Personal anecdotal experience suggests that attempting to request any file
that is not wildly popular will fail.

2.2 Model

FreeNet can be viewed as two completely different networks that have been
implemented in the same protocol.

a) It is a distributed network that allows storage and retrieval of data
through a self-organising routing mechanism.

b) It is a distributed network where each node caches all data it sees.

I think behaviour inherent in (b) can clash seriously with the requirements
for (a). Furthermore, it permutes the behaviour of the network to the extent
that it becomes difficult to examine the effects of architectural decisions
made to implement (a).

I will revisit this line of thought later.

3. Insertion of data

My understanding is that FreeNet performs a depth-first backtracking graph
traversal of nodes on the network. Insertion has two stages: first, a search
to check that the data to be inserted does not already exist, second, an
insertion phase that tunnels data to the last point at which the search
failed.

During the request phase, each node forwards a request to nodes it thinks
most likely of having the data being inserted. This is done by making an
estimate of how close the key describing the search is to the keys usually
handled by the nodes it knows about. Unique IDs are used so that requests
are never processed twice by the same node (i.e. They are used by the search
algorithm to change the graph of nodes into a dynamically generated tree
that contains no loops). This eliminates redundant searching.

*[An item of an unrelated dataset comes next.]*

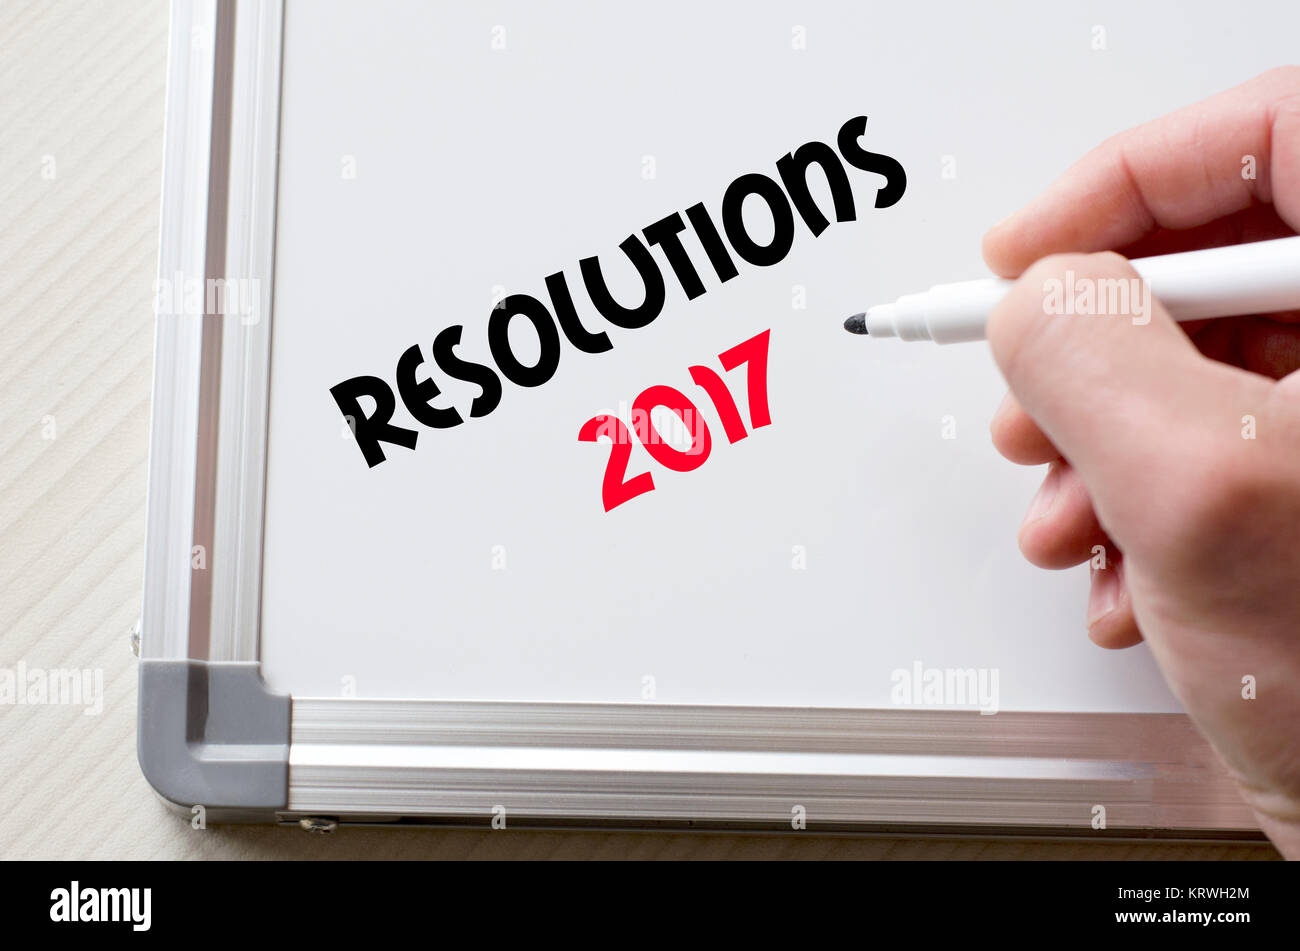 Resolutions 2017 written on whiteboard Stock Photo

Search packets also contain a "hops to live" parameter (HTL), which is
decremented every time the search packet is forwarded to a node. 

Assuming the data to be inserted is not already on the network, eventually
HTL drops to 0, and the lucky node thus found signals the search failed. At
this point, the originating node starts streaming the data back along the
path searched (sans backtracks) to the lucky node.

What I find interesting about this is that we are storing data in the last
place the network looked (rather than the first). Admittedly, this is a
directed search so after a few hops all places searched are likely
candidates for the target data.

4. Retrieval of data

Retrieval of data is simply the search phase described in section 3, with
the data being returned along the search path if found.

5. Search keys

Keys are 160 bit hashs of the data to be stored. This means that data with
similar keys may not be associated in terms of content at all. This is a
good thing as data are not clustered on servers by subject, making the loss
of a node less damaging. However for searching to work, there has to be a
concept of "closeness" of keys. Adam Langley provides a rough description of
how this is currently done in [AL1]. This combines the test of whether one
key is "less" than another with a binary tree to find the closest key in a
group. Closeness is defined as the distance between leaves on this tree.

5.1 Reservations

One thing that worries me about this definition of closeness is that it is
entirely dependent on what keys a node currently holds. An outside observer
with knowledge of only a subset of keys on the node would not be able to
predict the closeness of two keys calculated by that node. It also means
that as each node prunes and updates its node routing list it will change
the behaviour of future routing decisions in unpredictable ways.

This may or may not affect routing, but it certainly does affect our ability
to predict how the distributed network will behave.

6. Potential problems

The model mentioned in section 2 suggests a potential problem. In order to
be a good self-organising network that routes requests to nodes containing
their associated data, it is necessary for nodes in the vicinity of the
insertion point to have many requests routed through them. In the current
implementation, caching is very aggressive: a node caches data the first
time it sees it and declines to request that data again if a request arrives
for it.

This has the profound effect of moving the data away from the point of
insertion. ie. It starves the routing mechanism of data. Cached files are so
preferred by the network that after one or two hits, the original data is
never fetched again. After a while the network forgets how to route to that
file, simply because it doesn't have to. Later, because of the incredibly
high level of thrashing in the caches, all the caches drop the file, and the
file is essentially lost.

In short, caching may be the cancer killing freenet.

6.1 Further exacerbation

Furthermore, the cache shares space with inserted files - a thrashing cache
guarantees the loss of all data legitimately inserted into a node.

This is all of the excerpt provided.